Special Issue Paper
Comparison of methods for imputing ordinal data using multivariate normal imputation: a case study of non-linear effects in a large cohort study
Multiple imputation is becoming increasingly popular for handling missing data, with Markov chain Monte Carlo assuming multivariate normality (MVN) a commonly used approach. Imputing categorical variables (which are clearly non-normal) using MVN imputation is challenging, and several approaches have been suggested. However, it remains unclear which approach should be preferred.

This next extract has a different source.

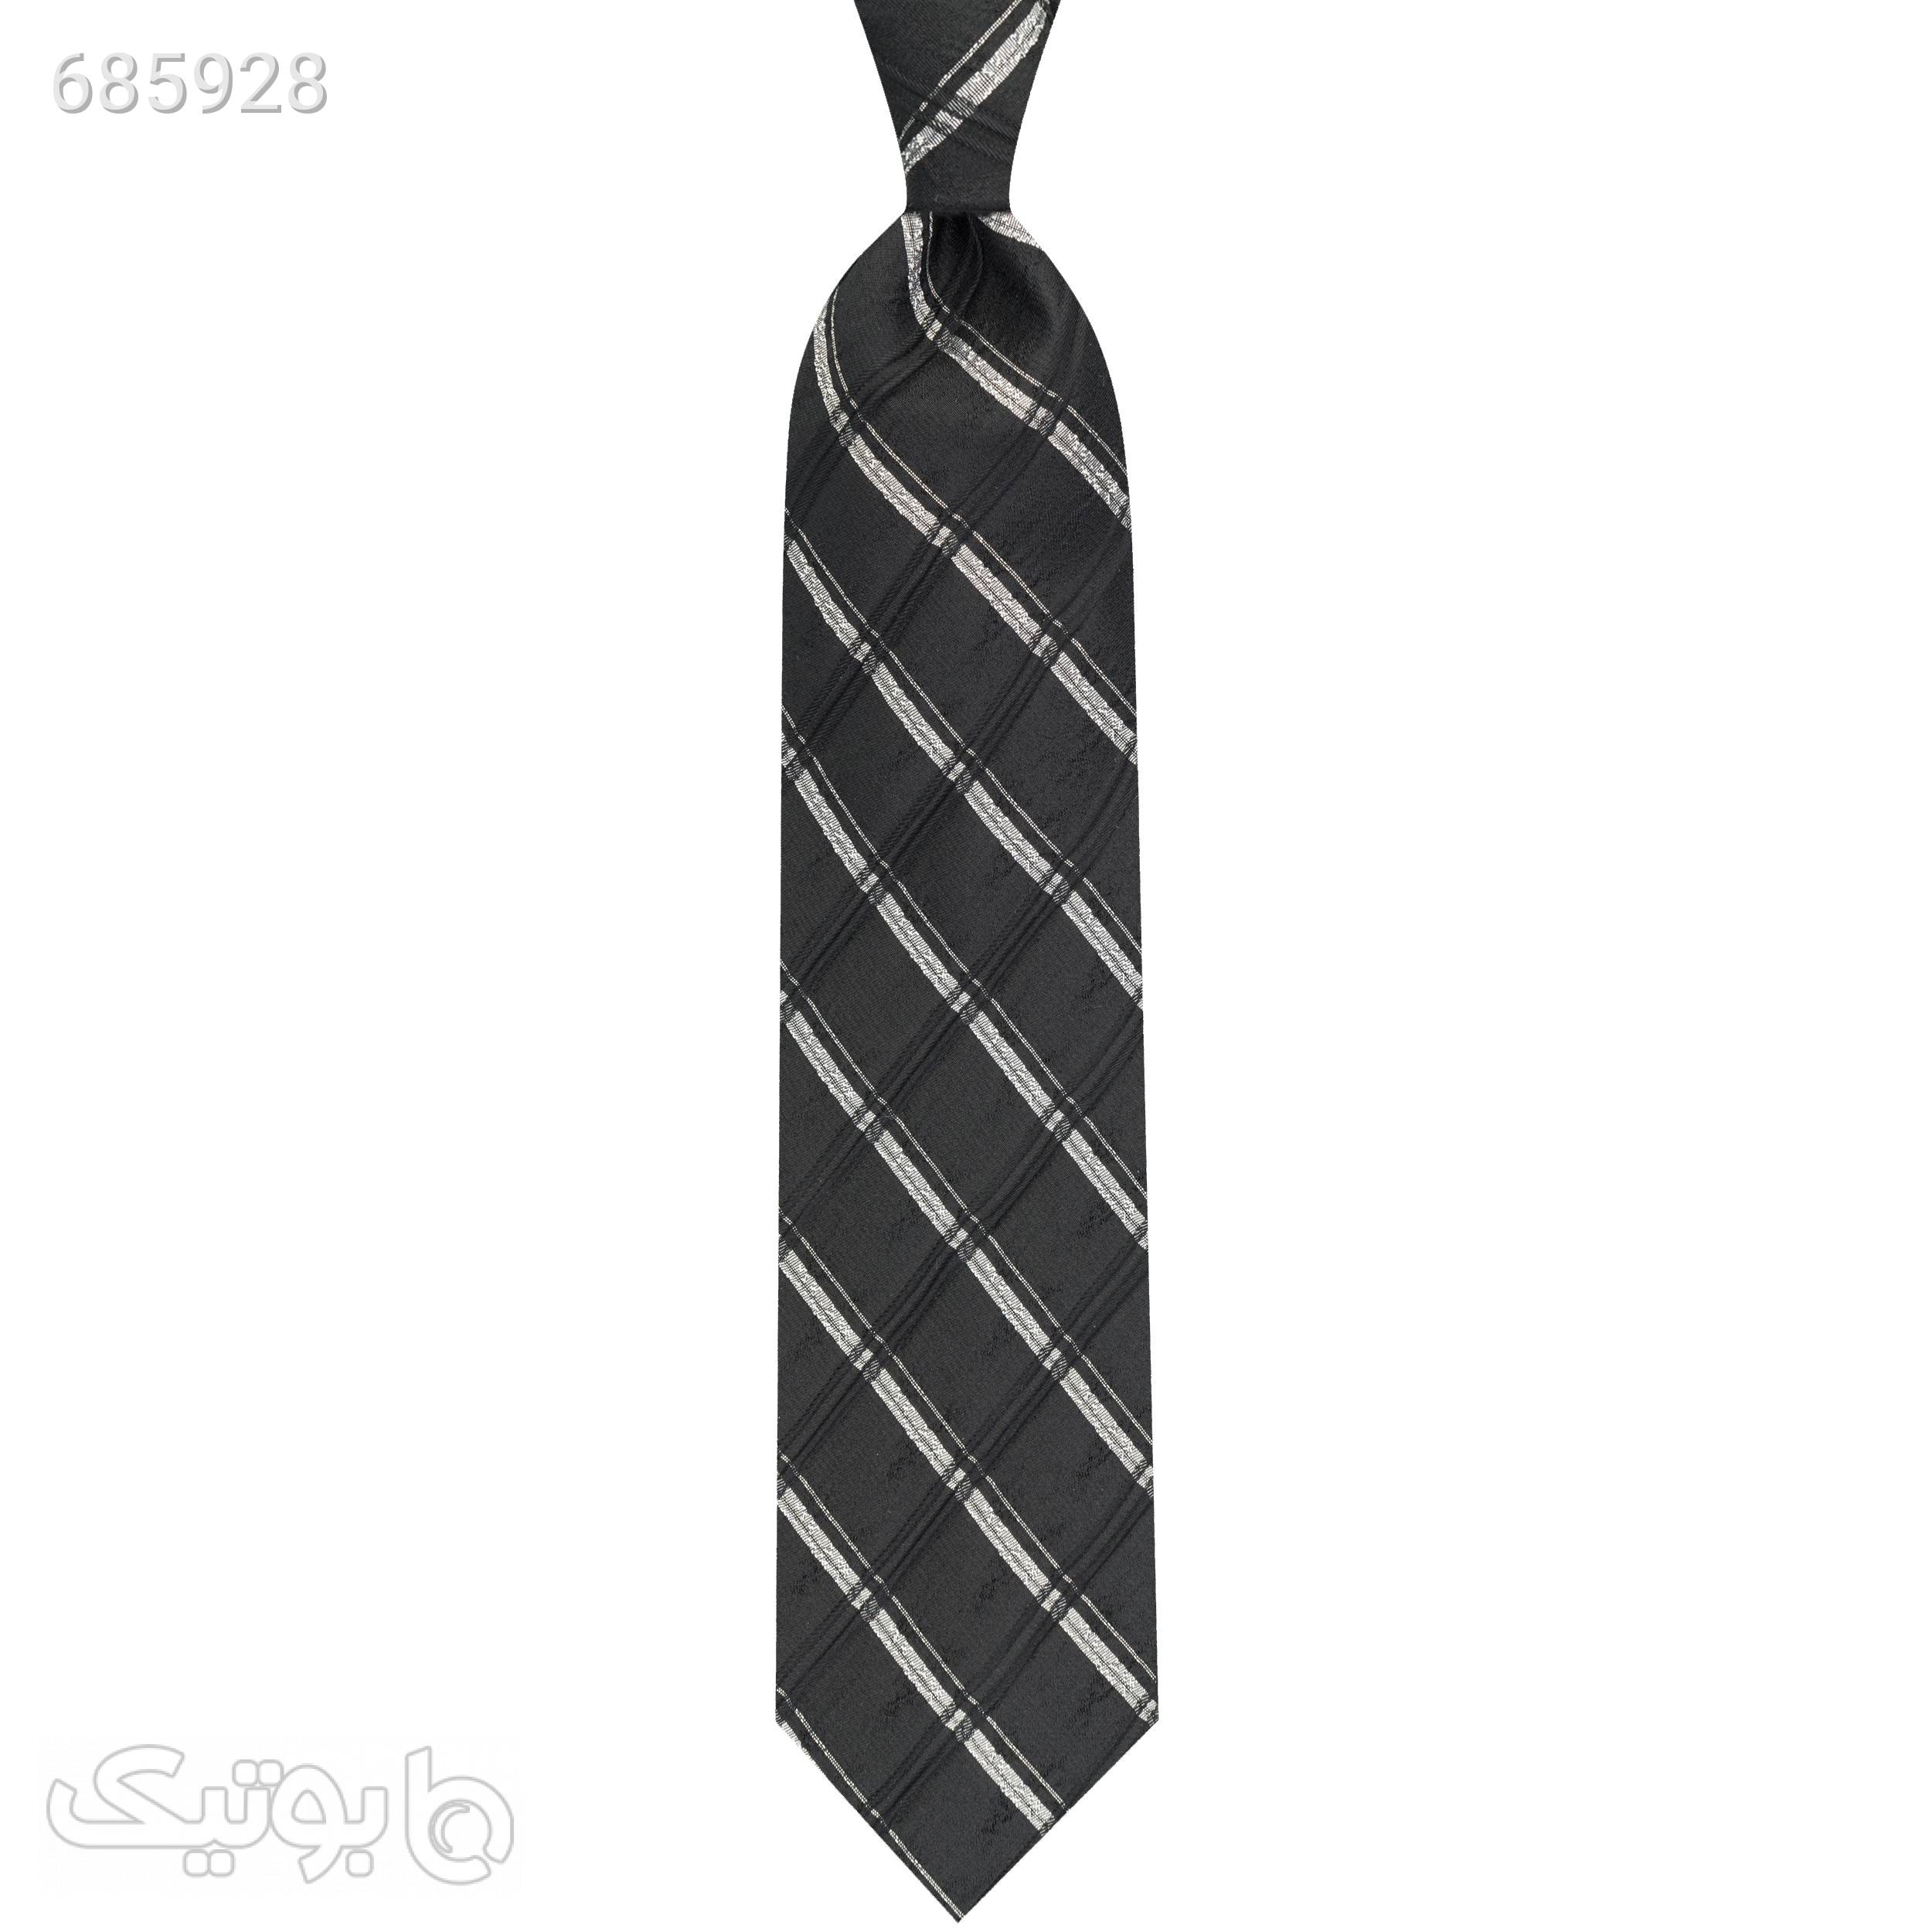 کراوات مردانه جیان فرانکو روسی مدل GFST533BK مشکی كراوات و پاپيون

We explore methods for imputing ordinal variables using MVN imputation, including imputing as a continuous variable and as a set of indicators, and various methods for assigning imputed values to the possible categories (rounding), for estimating a non-linear association between an ordinal exposure and binary outcome. We introduce a new approach where we impute as continuous and assign imputed values into categories based on the mean indicators imputed in a separate round of imputation. We compare these approaches in a simple setting where we make 50% of data in an ordinal exposure missing completely at random, within an otherwise complete real dataset.
Methods that impute the ordinal exposure as continuous distorted the non-linear exposure–outcome association by biasing the relationship towards linearity irrespective of the rounding method. In contrast, imputing using indicators preserved the non-linear association but not the marginal distribution of the ordinal variable.
Imputing ordinal variables as continuous can bias the estimation of the exposure–outcome association in the presence of non-linear relationships. Further work is needed to develop optimal methods for handling ordinal (and nominal) variables when using MVN imputation. Copyright © 2012 John Wiley & Sons, Ltd.